Key Performance Parameters¶
M (Maximum Number of Connections)¶
The M
parameter controls the maximum number of connections per node in the graph:
- Higher M values (e.g., 32-64):
- Improve search accuracy
- Increase memory usage
- Slow down graph construction
-
Potentially improve search speed (up to a point)
-
Lower M values (e.g., 5-10):
- Reduce memory usage
- Speed up graph construction
- May reduce search accuracy
Recommended values:
- For high-dimensional data (>100 dimensions): 16-32
- For medium-dimensional data (20-100 dimensions): 12-16
- For low-dimensional data (<20 dimensions): 5-10
ef Construction¶
The efConstruction
parameter controls the size of the dynamic candidate list during graph construction:
- Higher efConstruction values (e.g., 200-500):
- Improve graph quality and search accuracy
- Slow down graph construction
-
No impact on search speed or memory usage after construction
-
Lower efConstruction values (e.g., 40-100):
- Speed up graph construction
- May reduce search accuracy
Recommended values:
- For high recall requirements (>95%): 200-500
- For balanced performance: 100-200
- For fast construction with acceptable accuracy: 40-100
ef Search¶
The ef
parameter controls the size of the dynamic candidate list during search:
- Higher ef values (e.g., 100-1000):
- Improve search accuracy (recall)
-
Slow down search
-
Lower ef values (e.g., 10-50):
- Speed up search
- May reduce search accuracy
Recommended values:
- For high recall requirements (>95%): ef = 100-200
- For balanced performance: ef = 50-100
- For fast search with acceptable accuracy: ef = 10-50
Batch Size¶
When adding multiple vectors, the batch size can impact performance:
// Add vectors in batches
for i := 0; i < len(vectors); i += batchSize {
end := i + batchSize
if end > len(vectors) {
end = len(vectors)
}
graph.BatchAdd(vectors[i:end], ids[i:end])
}
- Larger batch sizes (e.g., 1000-10000):
- Better memory locality and CPU cache utilization
- More efficient parallel processing
-
Higher memory usage during batch processing
-
Smaller batch sizes (e.g., 100-1000):
- Lower memory usage
- Potentially slower overall construction
Recommended values:
- For most systems: 1000-5000 vectors per batch
- For memory-constrained systems: 100-1000 vectors per batch
Performance Benchmarking¶
To find the optimal parameters for your specific use case, it's recommended to run benchmarks:
func benchmarkSearch(graph *hnsw.Graph, queries []Vector, k int, efValues []int) {
for _, ef := range efValues {
startTime := time.Now()
var results [][]Node
for _, query := range queries {
results = append(results, graph.SearchWithEF(query, k, ef))
}
duration := time.Since(startTime)
avgTime := duration.Seconds() / float64(len(queries))

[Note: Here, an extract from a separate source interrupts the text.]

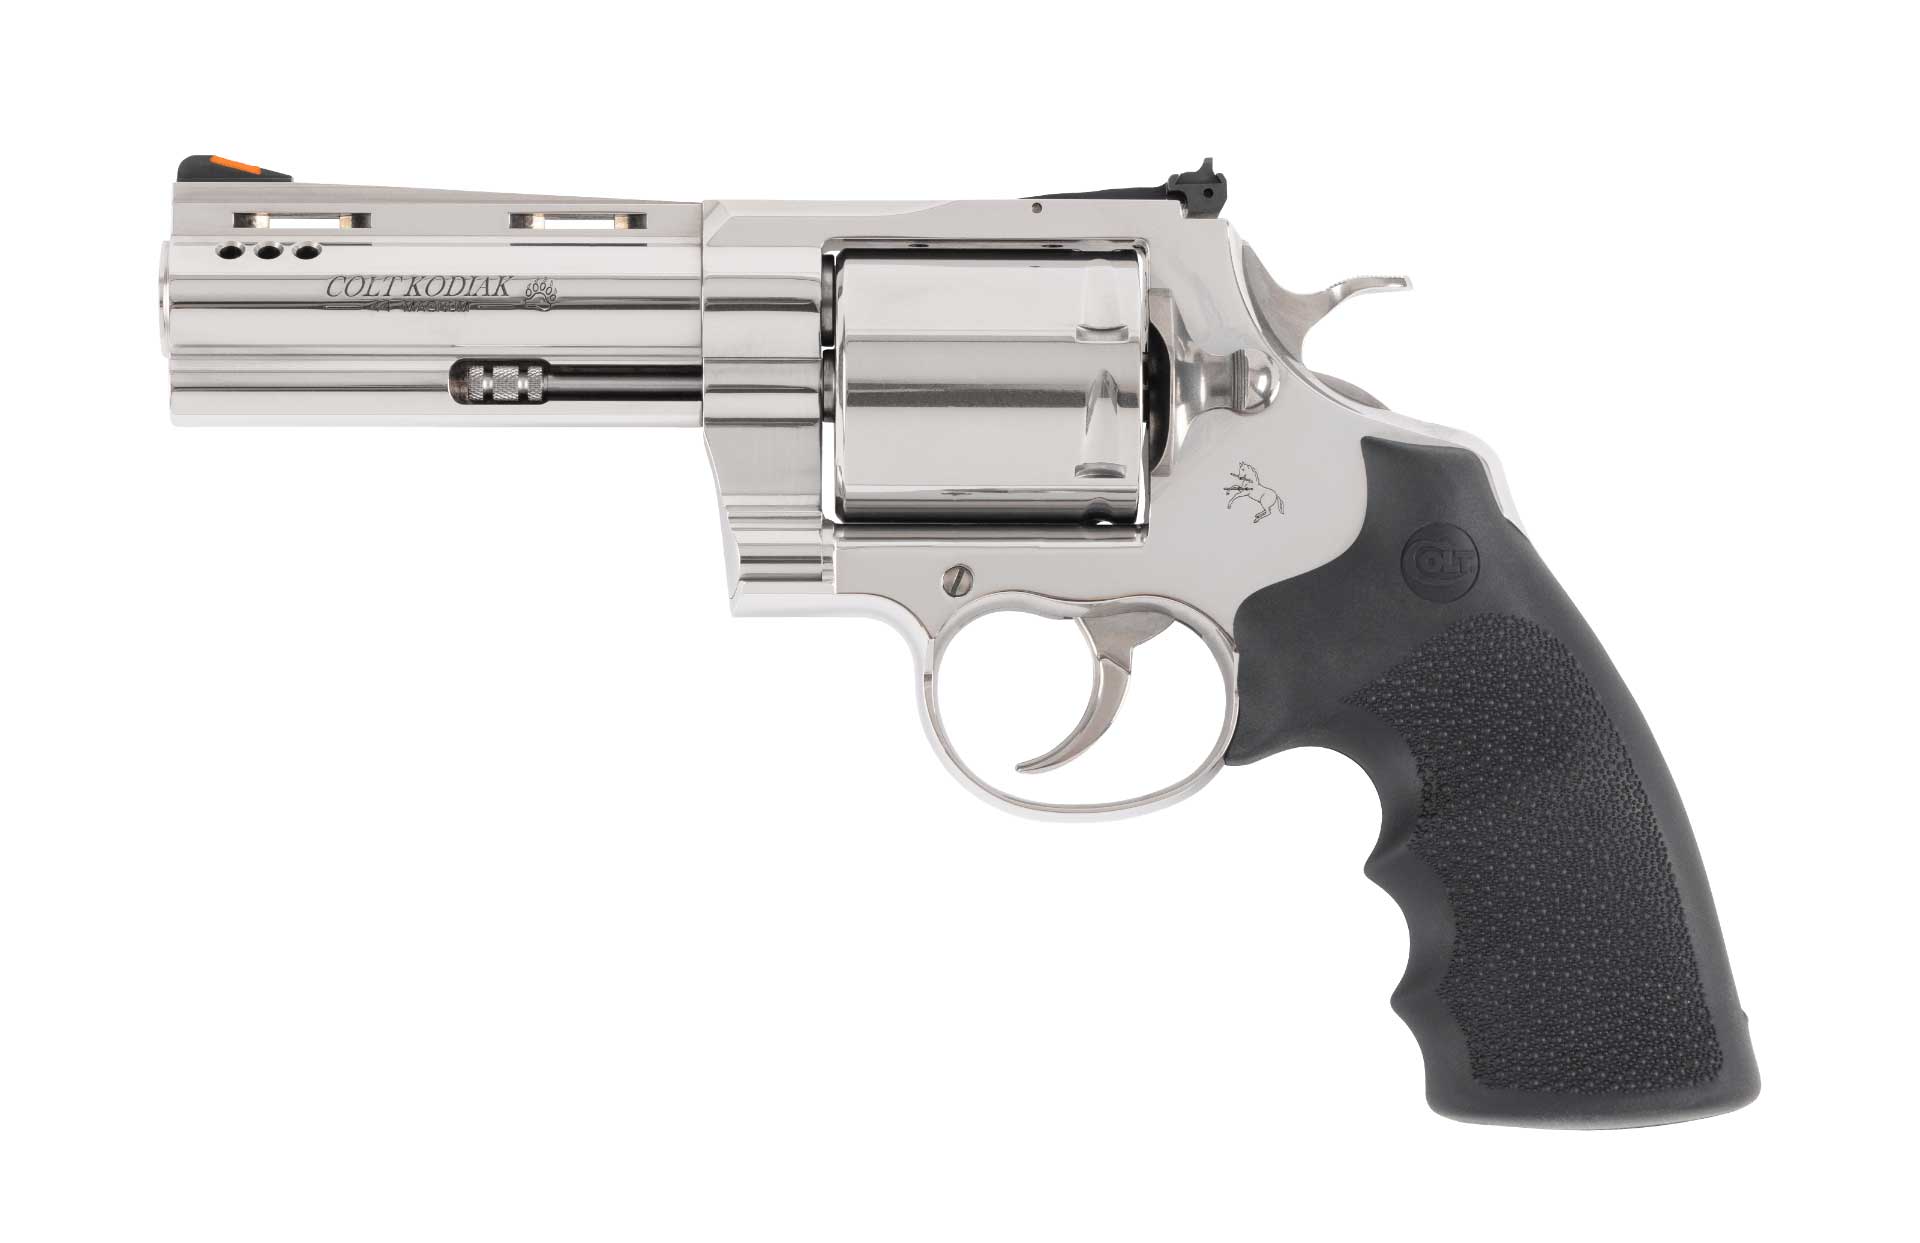 Left side of the Colt Kodiak revolver on a white background.

// Calculate recall if ground truth is available
recall := calculateRecall(results, groundTruth)
fmt.Printf("ef=%d: avg_time=%.6fs, recall=%.4f\n", ef, avgTime, recall)
}
}
This benchmark helps you find the optimal ef
value for your requirements.
Memory Optimization¶
Compact Storage¶
HNSW can use a significant amount of memory, especially for large datasets. To reduce memory usage:
Compact storage reduces memory usage by:
- Storing vectors more efficiently
- Using less memory for graph connectivity
- Potentially improving cache locality
Quantization¶
For very large datasets, you can use vector quantization to reduce memory usage:
Quantization reduces memory usage by:
- Converting 32-bit floats to lower precision (e.g., 8-bit integers)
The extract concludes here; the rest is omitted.